-------- RECORDS TO USE --------
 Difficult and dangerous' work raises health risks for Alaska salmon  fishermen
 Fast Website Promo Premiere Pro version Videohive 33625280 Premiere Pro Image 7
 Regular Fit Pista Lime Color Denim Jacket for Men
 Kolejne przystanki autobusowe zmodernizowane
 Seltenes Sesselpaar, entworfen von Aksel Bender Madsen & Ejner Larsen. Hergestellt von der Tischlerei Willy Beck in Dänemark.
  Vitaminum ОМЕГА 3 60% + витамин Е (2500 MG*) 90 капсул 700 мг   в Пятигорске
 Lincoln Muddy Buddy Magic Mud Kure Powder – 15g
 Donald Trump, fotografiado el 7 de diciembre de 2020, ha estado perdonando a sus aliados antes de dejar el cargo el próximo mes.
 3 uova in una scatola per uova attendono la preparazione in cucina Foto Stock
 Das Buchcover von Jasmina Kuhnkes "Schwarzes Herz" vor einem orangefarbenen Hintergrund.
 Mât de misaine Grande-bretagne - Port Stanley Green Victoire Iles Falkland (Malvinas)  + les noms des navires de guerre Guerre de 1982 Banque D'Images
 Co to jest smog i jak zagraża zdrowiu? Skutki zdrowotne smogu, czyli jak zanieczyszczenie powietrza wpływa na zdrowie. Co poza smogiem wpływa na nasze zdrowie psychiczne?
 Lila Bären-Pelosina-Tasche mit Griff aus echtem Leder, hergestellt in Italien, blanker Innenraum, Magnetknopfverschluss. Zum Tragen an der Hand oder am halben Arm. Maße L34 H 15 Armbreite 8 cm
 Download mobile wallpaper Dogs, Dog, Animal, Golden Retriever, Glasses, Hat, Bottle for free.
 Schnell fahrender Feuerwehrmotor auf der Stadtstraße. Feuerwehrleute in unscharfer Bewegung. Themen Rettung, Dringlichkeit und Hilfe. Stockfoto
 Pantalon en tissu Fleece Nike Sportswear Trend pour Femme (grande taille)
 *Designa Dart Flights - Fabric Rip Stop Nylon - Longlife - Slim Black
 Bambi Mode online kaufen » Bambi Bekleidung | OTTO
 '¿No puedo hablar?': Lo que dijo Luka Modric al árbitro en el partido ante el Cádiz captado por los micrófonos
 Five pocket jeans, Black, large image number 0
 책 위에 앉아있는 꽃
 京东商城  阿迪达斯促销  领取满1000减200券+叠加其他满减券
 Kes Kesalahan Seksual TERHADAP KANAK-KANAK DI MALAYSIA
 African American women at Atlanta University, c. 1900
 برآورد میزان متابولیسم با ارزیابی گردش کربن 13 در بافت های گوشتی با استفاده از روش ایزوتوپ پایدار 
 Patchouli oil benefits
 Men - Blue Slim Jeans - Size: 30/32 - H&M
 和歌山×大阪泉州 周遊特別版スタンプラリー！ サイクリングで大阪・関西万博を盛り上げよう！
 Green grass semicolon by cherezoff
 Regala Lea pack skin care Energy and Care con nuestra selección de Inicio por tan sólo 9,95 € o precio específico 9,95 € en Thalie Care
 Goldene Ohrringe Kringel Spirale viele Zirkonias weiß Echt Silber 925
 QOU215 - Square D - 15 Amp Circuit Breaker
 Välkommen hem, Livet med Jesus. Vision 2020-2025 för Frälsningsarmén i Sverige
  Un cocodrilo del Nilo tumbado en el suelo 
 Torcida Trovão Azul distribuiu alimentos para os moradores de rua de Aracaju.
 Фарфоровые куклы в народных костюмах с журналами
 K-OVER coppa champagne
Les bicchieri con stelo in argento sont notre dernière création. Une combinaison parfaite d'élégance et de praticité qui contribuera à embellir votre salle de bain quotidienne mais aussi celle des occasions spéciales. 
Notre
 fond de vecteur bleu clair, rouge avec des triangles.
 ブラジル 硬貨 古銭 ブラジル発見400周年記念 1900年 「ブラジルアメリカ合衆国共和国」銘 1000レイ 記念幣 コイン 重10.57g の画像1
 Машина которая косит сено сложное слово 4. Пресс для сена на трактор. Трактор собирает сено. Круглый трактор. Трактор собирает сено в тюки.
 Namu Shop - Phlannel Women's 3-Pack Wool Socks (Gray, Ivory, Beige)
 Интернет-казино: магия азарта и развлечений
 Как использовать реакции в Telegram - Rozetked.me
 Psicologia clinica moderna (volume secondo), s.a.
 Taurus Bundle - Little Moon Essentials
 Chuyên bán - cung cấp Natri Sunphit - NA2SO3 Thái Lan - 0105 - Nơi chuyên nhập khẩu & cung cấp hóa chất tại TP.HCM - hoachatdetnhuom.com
--------
WORK REQUEST: Of the entries above, how many lines hold the word "Black"? Give back only that number.

RESPONSE AREA: 2